Prologue


Women get a bad rap in these situations. Go all the way back to Adam and Eve, you'll see what I mean. We're the vile temptresses, right? We can bring both men and kingdoms to their knees, sometimes in the same breath. We single handedly took down all of Camelot. We started the Trojan War just by being there. We wreak all sorts of havoc in Shakespeare plays. And now this.

I didn't really do much of anything. All I did was go out with one man, and then realize I was actually in love with another. Men do this all the time. And when they do, us women, the painted harlots that we are, simply thrash around our rooms for a bit, maybe burn some of their stuff, cut their faces out of pictures. Stupid, childish things. I'm not going to lie. But then we suck it up and move on. Make fun of us all you want but it sure beats letting your country get invaded by Mongolians or something.

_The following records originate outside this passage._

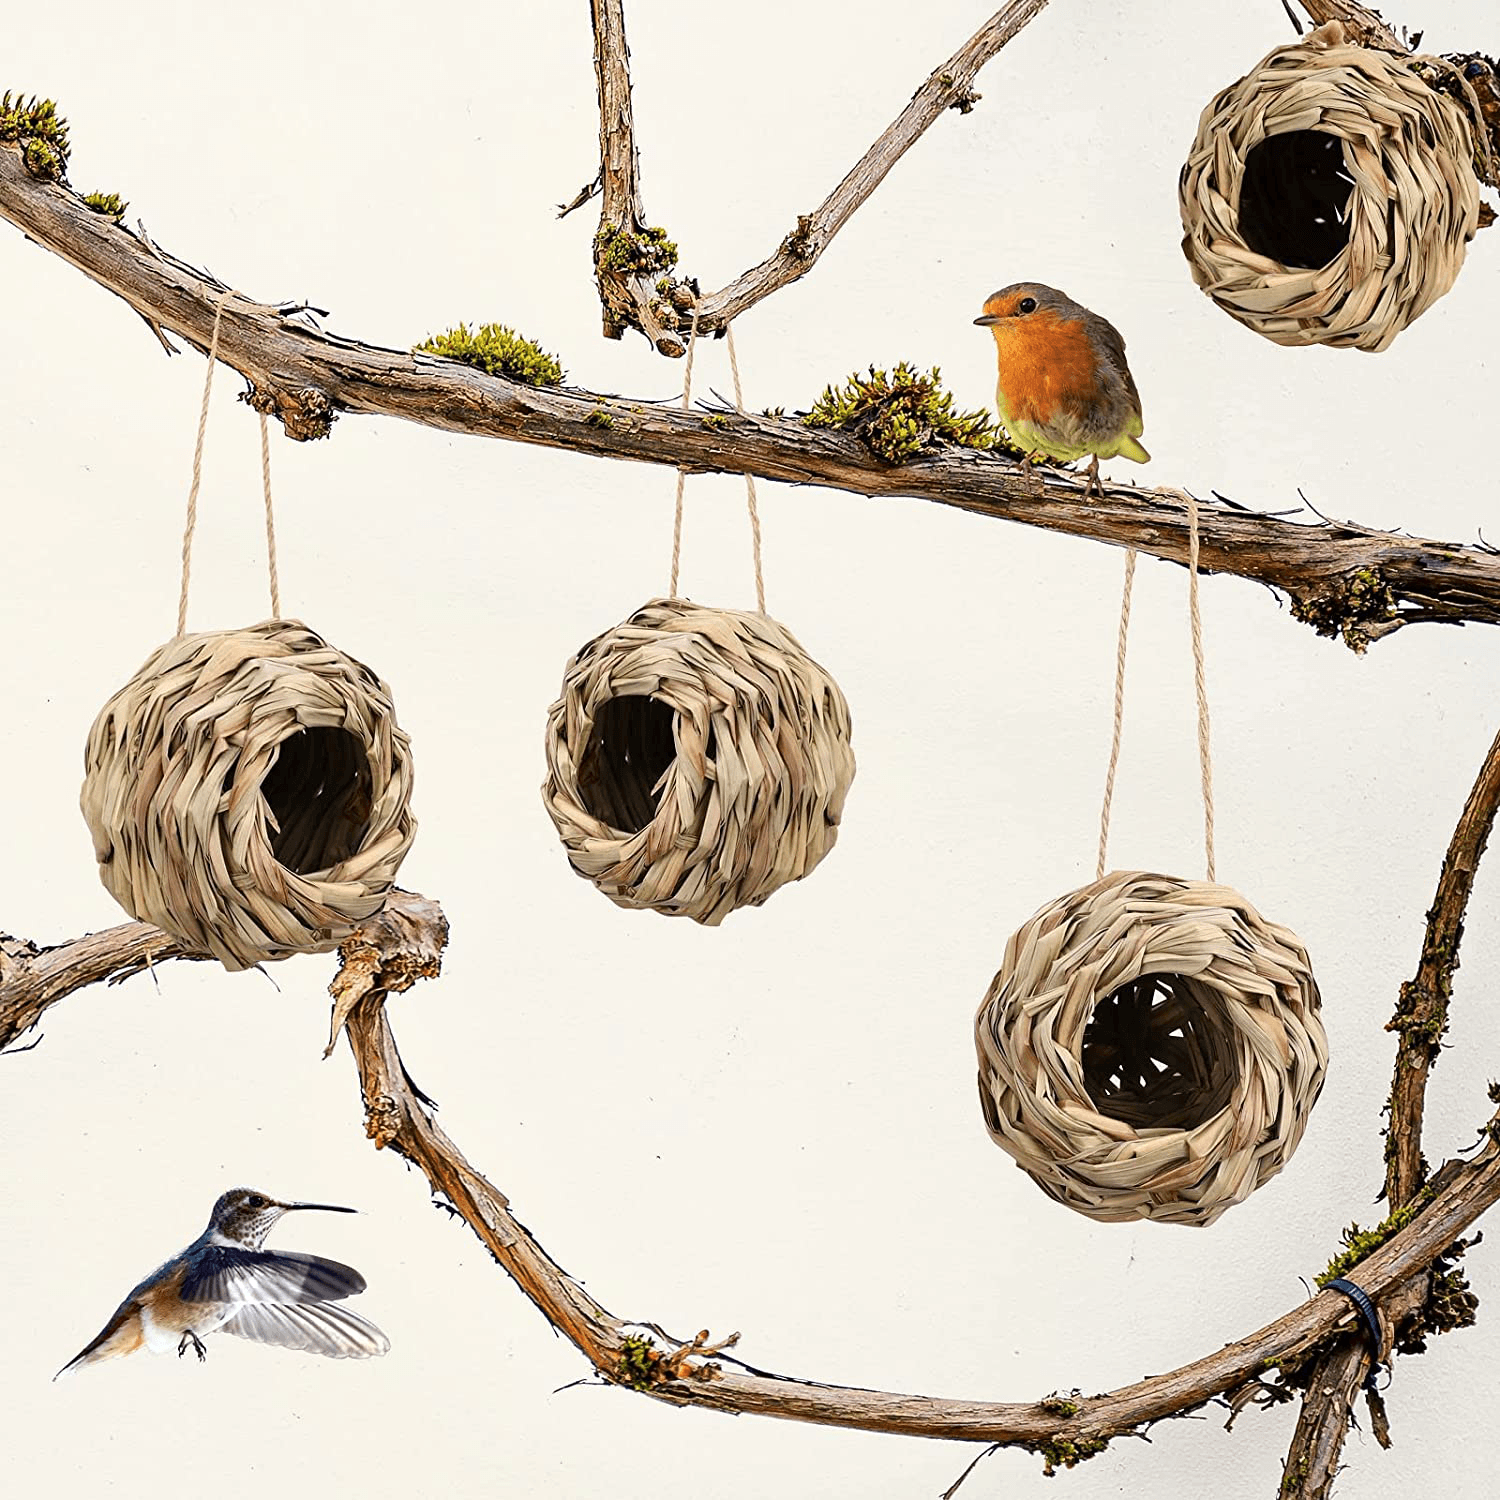 Hand Woven Grass Bird Nest Spherical Hummingbird Birdhouse Hanging
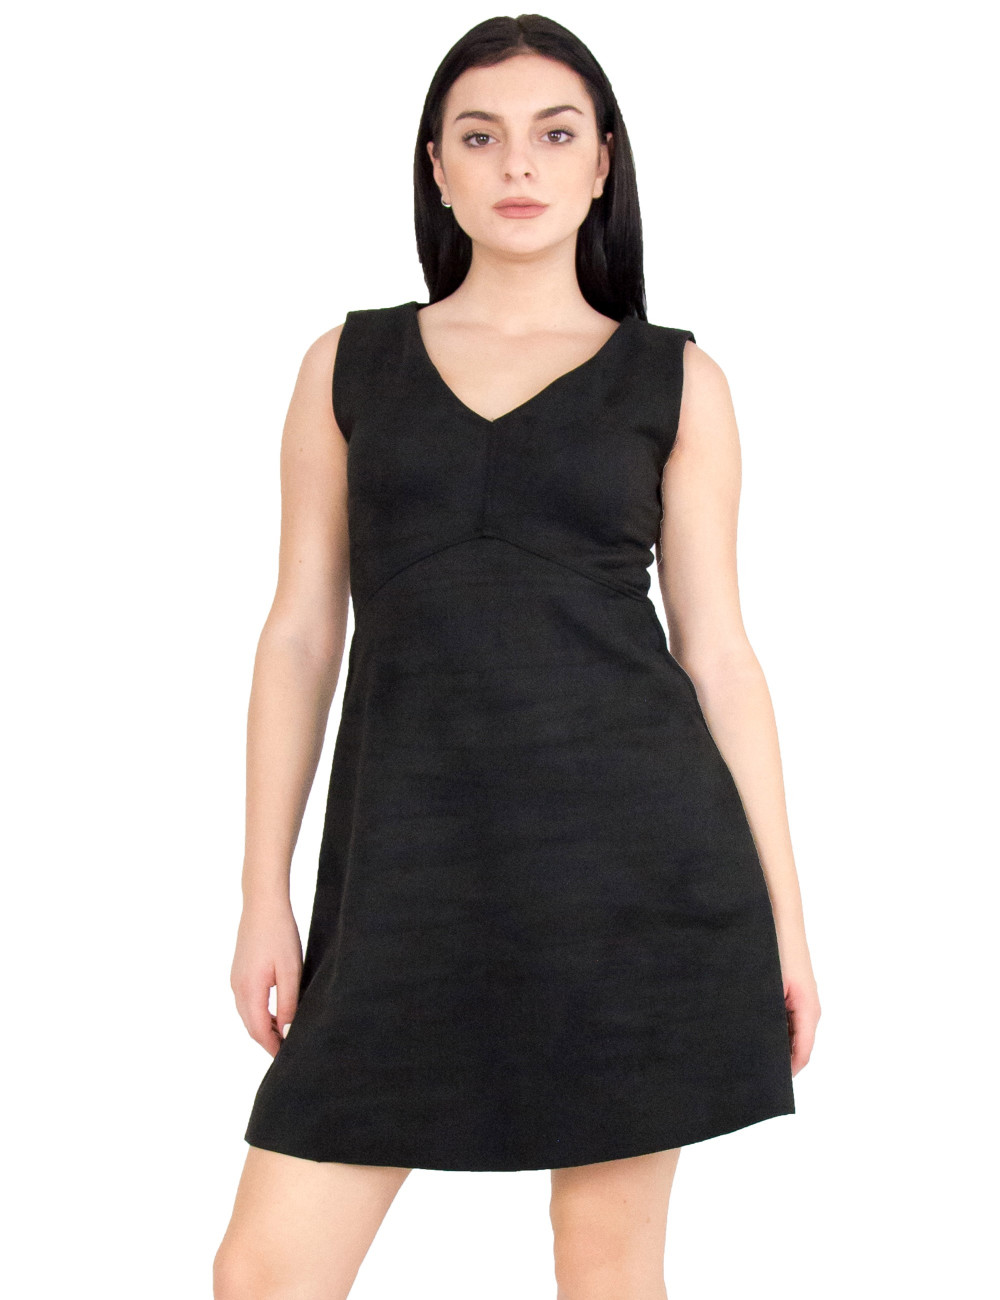 Γυναικείο μαύρο αμάνικο φόρεμα σουέντ Coocu 91411
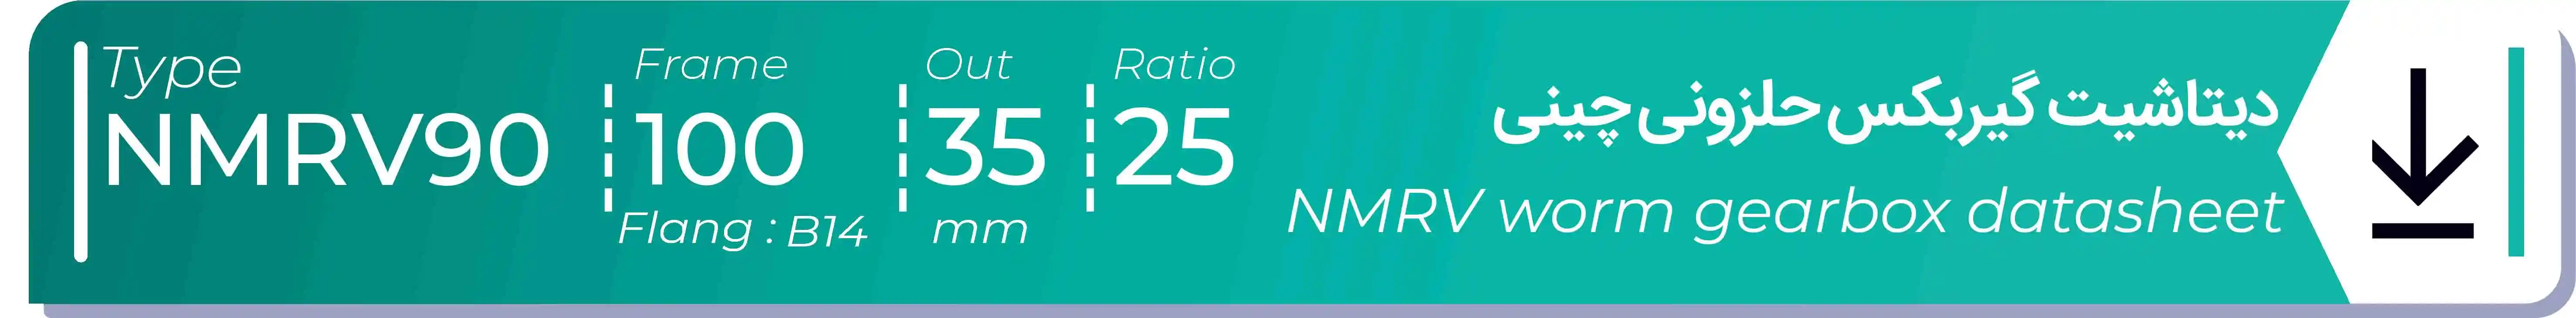  دیتاشیت و مشخصات فنی گیربکس حلزونی چینی   NMRV90  -  با خروجی 35- میلی متر و نسبت25 و فریم 100
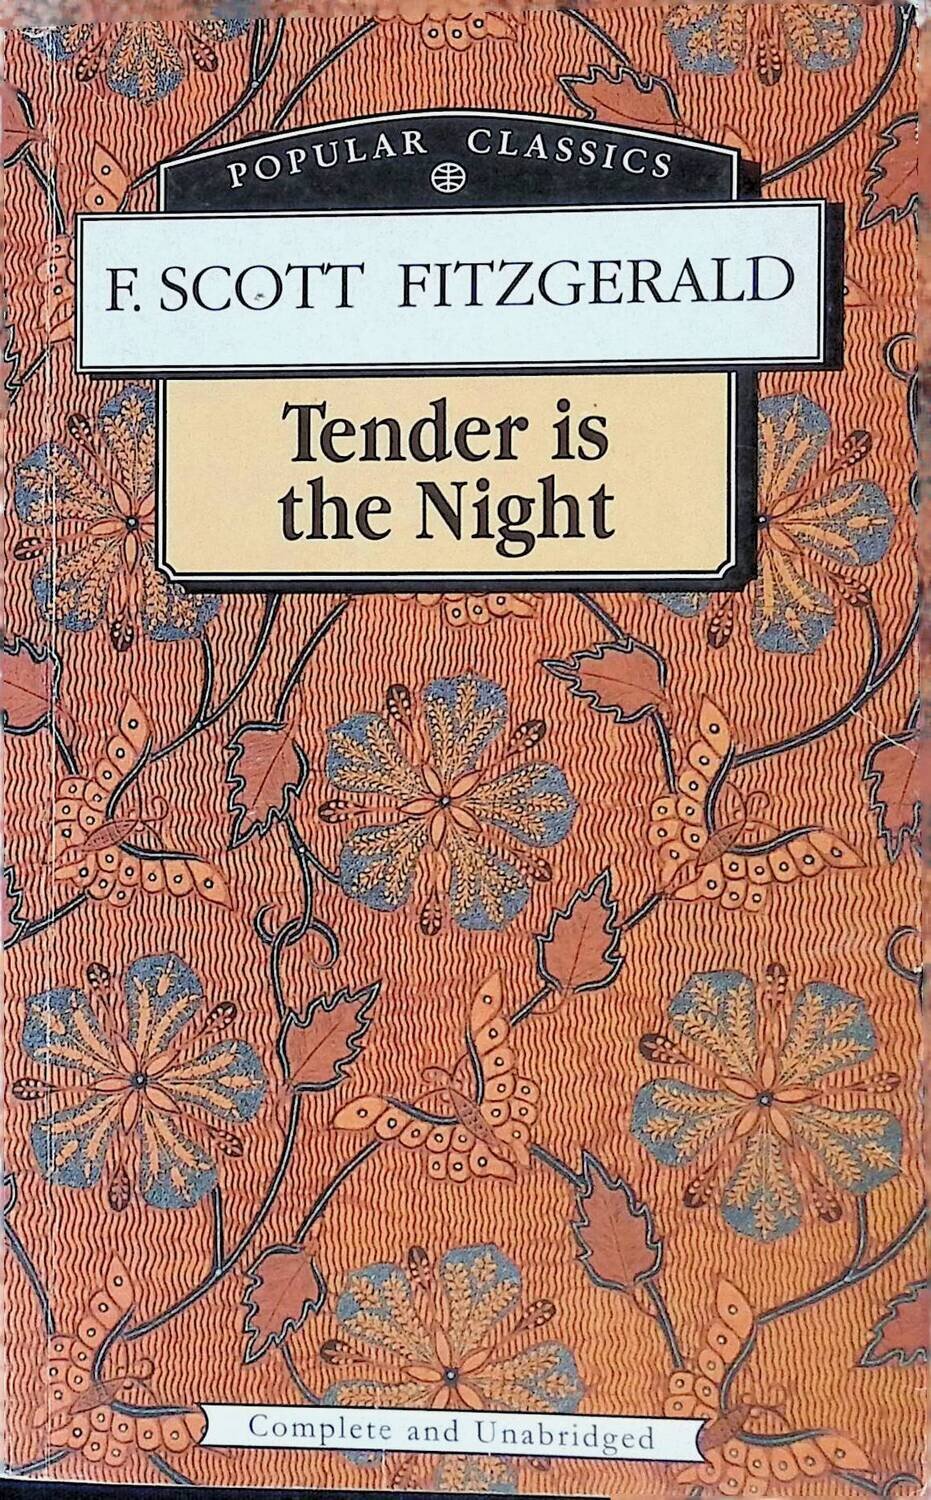 Tender is the Night; Fitzgerald Francis Scott Key

I guess I'm getting way ahead of myself here. I guess I should go back to the beginning. Which, when you get right down to it, is probably in the back seat of a red convertible somewhere around what was once Minnesota.

 

American Girl

After all it was a great big world
With lots of places to run to
And if she had to die tryin'
She had one little promise she was gonna keep

 

"Are you uh...you enjoying yourself?" The boy looked up at me with such scared, eager eyes, how could I possibly say no? How could I possibly tell him that his awkward bumbling was about as erotic or exciting as well...an incompetent 17 year old boy groping blindly towards third base in the back of his Dad's car? You can't. So instead I said, "Oooooh Yeeeessssss!"

I laid my head back, both so that I looked like I was enjoying myself and so that he couldn't see me roll my eyes. Jesus, what time was it? I should have been home an hour ago. I better hurry up and come then. I completed my performance and the child seemed appeased. Funny. I always saw them as men when I first met them. Big strapping men. Somewhere between dinner and this moment they always regressed back to kids. Not that I was getting on the in the world. I was only 17 myself. But when I was with them, I felt ancient.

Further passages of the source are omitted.